When running it early this season, it was off more than it was on, and was going over 48 hours on a load.  Consequently, all that smoldering built up creosote in the fiberglass insulation, and ignited – melting the galvanized skin!

Has anyone had any experience with this?  Are there any Seton owners out there that have had their boiler running for more than year?
Any information would be appreciated.

Thanks.


----------



## antknee2 (Dec 4, 2007)

Check out some custom gasket work on my Seton .  The gaskets if done properly it will make your boiler behave like a fossil fuel boiler . There are some posts under Greenwood problems , may help you. Also sounds like you are due for some serious heat storage tanks , so you run at full power an burn the fuel completely once or twice a day an no smolder fires in-between. Anthony


----------



## wouldchuckwood (Dec 4, 2007)

Thanks.  I'll give that a try after (if) I replace the insulation and galvanized skin sheets.  

I ended up casting a refractory brick to cover the ash opening in the firebox, because the ashpan warped and pulled away from the boiler bottom - another major design flaw.  Did you have trouble with that?  

I have this set up in my basement, so I'm a little leary of this happening again.  Luckily, I was around when it touched off.  Otherwise, it would have eliminated the need to heat house.


----------



## antknee2 (Dec 4, 2007)

This may sound ridiculous but you should always keep enough ash in the fire box to refill the pit after you empty the draw. I will try to find the post on how to find all your leaks . Anthony
https://www.hearth.com/econtent/index.php/forums/viewthread/11100/


----------



## jklingel (Dec 4, 2007)

Curious. What did Fred Seton say about this? I am considering one of his boilers, too. Too, did you  build it, or did "he/they"?


----------



## wouldchuckwood (Dec 4, 2007)

jklingel said:
			
		

> Curious. What did Fred Seton say about this? I am considering one of his boilers, too. Too, did you  build it, or did "he/they"?



I haven't heard back from Fred yet.  My boiler was built by Seton.


----------



## SteveJ (Dec 5, 2007)

I talked with Fred today - he has not mentioned anything about meltdown.

Let me know if you have trouble getting ahold of him - I will relay your incident if you would like.

I definitely would like to know what he says or does about your situation.

Steve


----------



## wouldchuckwood (Dec 5, 2007)

I spoke with Fred this afternoon.  He is going to get back to me on the replacement parts.

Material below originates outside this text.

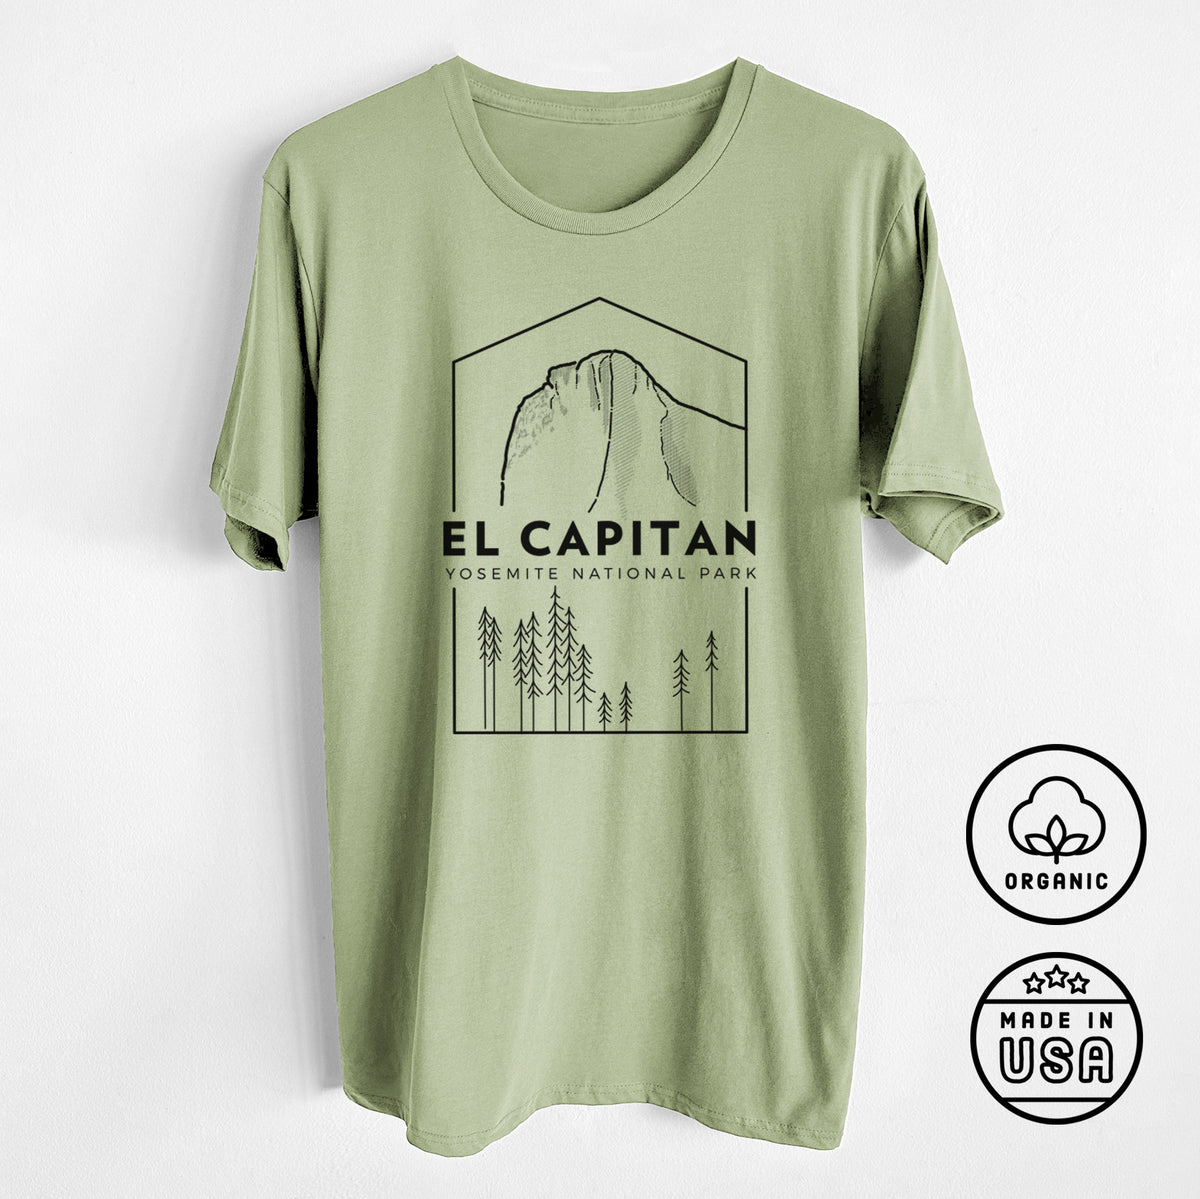 El Capitan - Yosemite National Park - Unisex Crewneck - Made in USA - 100% Organic Cotton

I mentioned the leaking draft door, and he suggested a "grey high-temp gasket material" that comes in sheets from NAPA.  Basically, cut a piece the same dimensions of the door, and bolt it to the door itself using large washers.  Seems like a simple enough thing to do.  So simple, in fact, that I can't believe they don't install these gaskets at the factory - given how crucial air control is.


----------



## antknee2 (Dec 5, 2007)

very cool , sounds easy enough . If you want to perfect your boiler you will need to check out the entire outer skin , loading door, damper and ash compartment  under negative draft conditions using a inline draft inducer mounted  on your chimney pipe .Tonight I will send some pictures of procedure.


----------



## SteveJ (Dec 5, 2007)

Anthony,

Will you post the pictures in this thread for testing?

Thanks,
Steve


----------



## antknee2 (Dec 5, 2007)

SteveJ said:
			
		

> Anthony,
> 
> Will you post the pictures in this thread for testing?
> 
> ...


Yes Steve


----------



## wouldchuckwood (Dec 5, 2007)

Anthony D said:
			
		

> very cool , sounds easy enough . If you want to perfect your boiler you will need to check out the entire outer skin , loading door, damper and ash compartment  under negative draft conditions using a inline draft inducer mounted  on your chimney pipe .Tonight I will send some pictures of procedure.

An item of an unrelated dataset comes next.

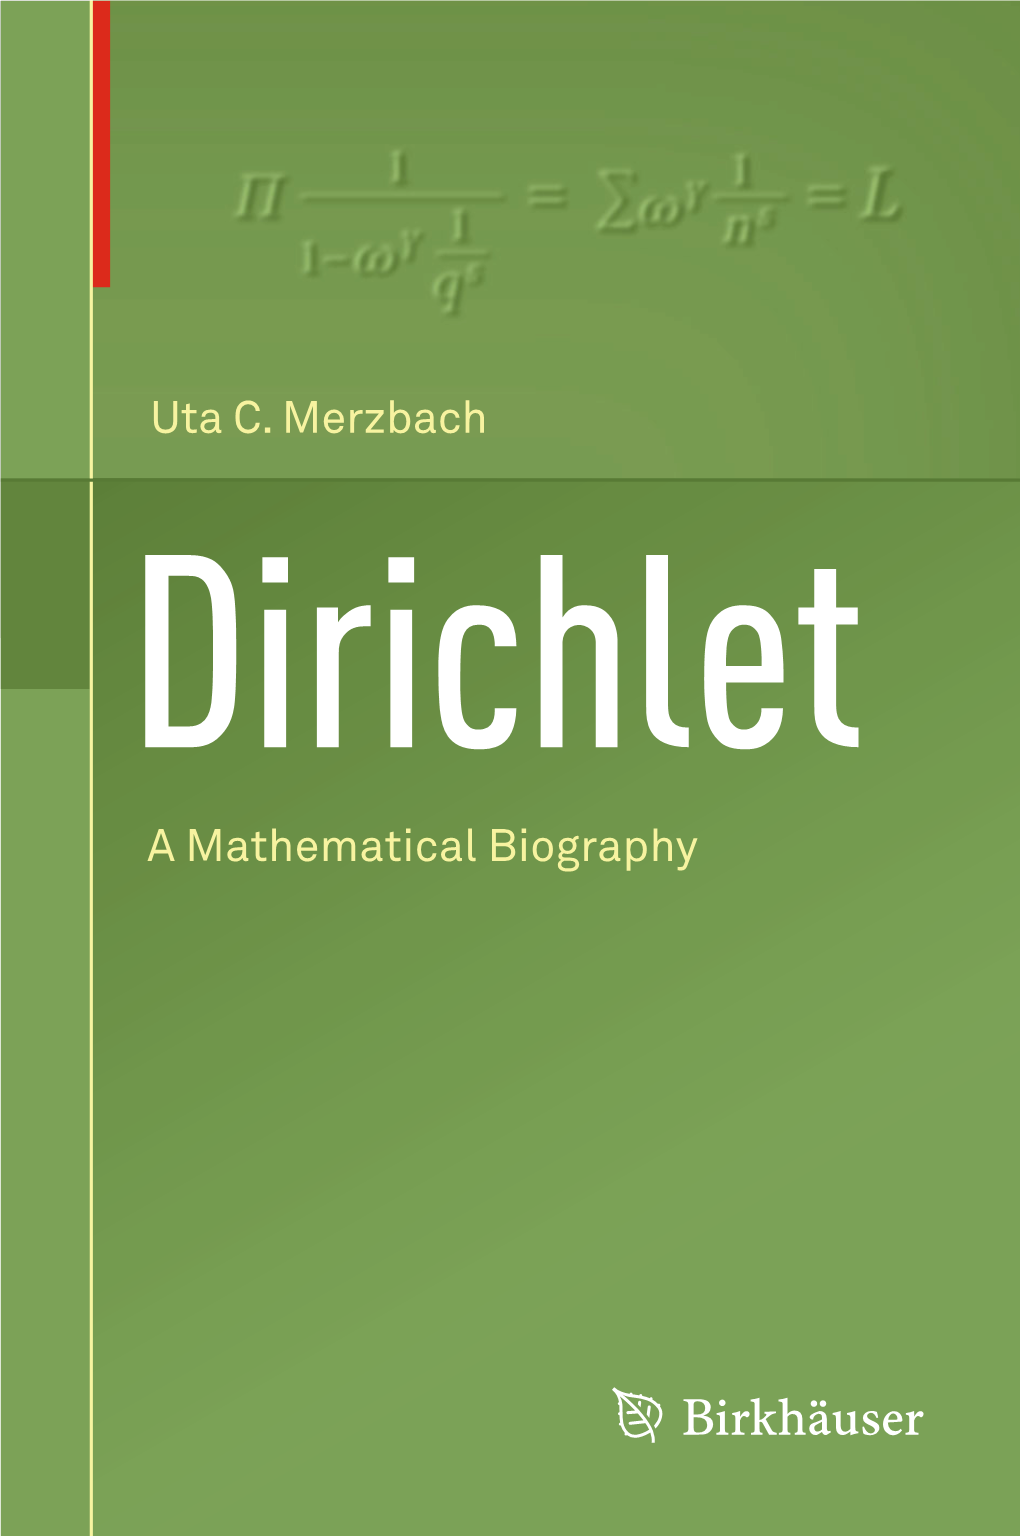 Uta C. Merzbach a Mathematical Biography

I have to replace all the outer skin panels and insulation, so I will be sure to use that high-temp silicon sealant under each panel.  I don't have a draft inducer installed, so I'll have to come up with a different way of checking for leaks.


----------



## antknee2 (Dec 6, 2007)

With  negative pressure  in your boiler , damper closed and something to generate a small steady stream of smoke  carefully observe the smoke . If it gets sucked in and disappears , you found a leak . My boiler came with the draft inducer in the pic , Great to have for tests and cleaning ash . really cuts down on dust in boiler room . Good luck with your boiler . Anthony


----------



## rsnider (Dec 13, 2007)

just wanted to know if everthing worked out with the replacement parts for the seton? is the boiler up and running again and did fred send you the parts or have someone else make them for you?


----------



## rsnider (Dec 18, 2007)

still wondering if the seton is back in action?


----------



## homebase (Jan 3, 2008)

Anyone here know of anyone that purchased and built a Seton from the Build your own kit he sells?


----------



## wouldchuckwood (Jan 3, 2008)

Fred sent the parts - the entire outer skin, I believe.  With the holidays, and a bad case of the flu, I haven't had the time to put it all back together yet.  Hopefully, I can tackle it this weekend.  

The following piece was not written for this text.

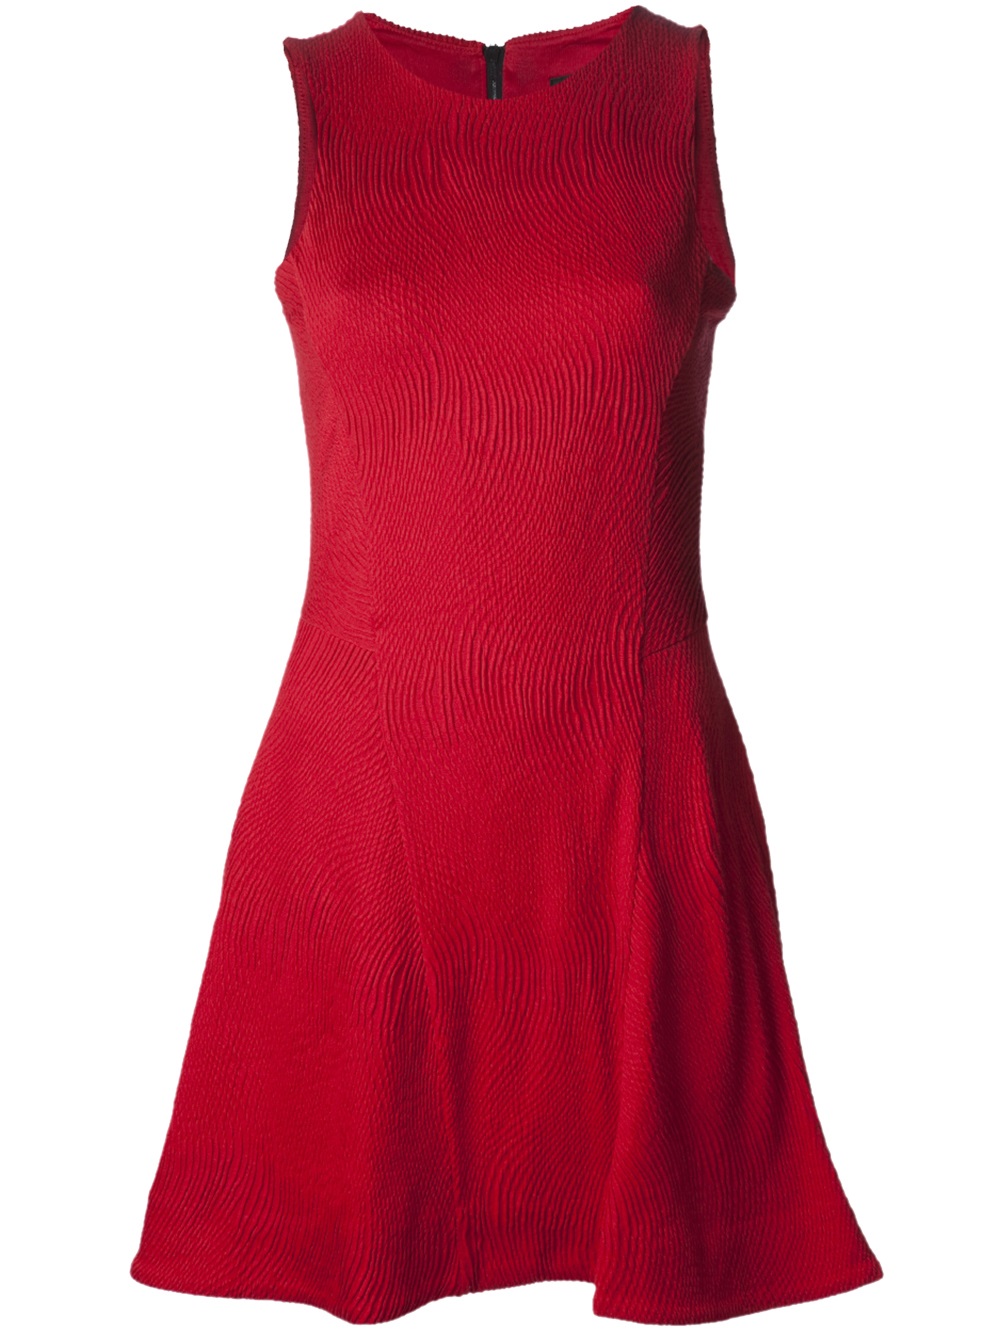 Lyst - Rag & Bone Geneva Dart Waist Dress in Red

All I know is that I've spent more on oil in the past three weeks (keeping the thermostat at 63) than I've spent on wood for the entire year!   Between the Seaton, and our wood-fired kitchen cook-stove, I heated this drafty old farmhouse on a single tri-axle load of wood last year - keeping the thermostat at 68.

You'll all hear a loud "WhhHoo" when I fire that puppy up again!


----------



## rsnider (Jan 3, 2008)

sounds like fred seton took care of the problem for you. hope everything works out. let us know when its up and running again.


----------



## wouldchuckwood (Jan 24, 2008)

rsnider said:
			
		

> still wondering if the seton is back in action?



Seton Boiler is back in action! I finally got it finished up this past Sunday afternoon - just in time for some really cold weather (for around here anyway). I did not install a draft regulator this time, so it is probably running a little hotter than it needs to. I don't mind a little lost efficiency for a cleaner (and safer) burn. 

It will raise the water temp from 170 to 190 in about 90 seconds while 3 zones (about 1600 sq ft) are running. My oil burner won't do that.

I used the high-temp sealant around all the panels, and made a gasket for the draft door. I still have to make one for the feed door, but it is running much better than before as it is.

When it is running full-tilt, especially when freshly stoked, it will make a "chug-chug" sound like a steam-engine. It would do this before too, but the draft regulator would minimize the effect. Now, the sides of the boiler actually pulsate. Is this due to too much draft, not enough air, or from the "gasification" process? The draft door is set to open just past vertical - about 80 degrees from the closed position.

My thanks to everyone for their input and assistance. It sure is nice to be warm again.


----------



## SteveJ (Jan 24, 2008)

I talked to Fred about the same issue with the puffing.

He told me that the puffing is a result of not enough air for the recently added fuel.

What I do is crack the feed door open until the pulsing stops until the air intake closes for the first cycle. Usually, I can fully close the door in a couple of minutes and the pulsing stops.

I have only seen my Seton pulse just after stoking with fresh fuel. 

I suggest you talk to Fred to confirm.

I think that Anthony turns on his draft inducer for a couple of minutes to eliminate the puffing - Anthony?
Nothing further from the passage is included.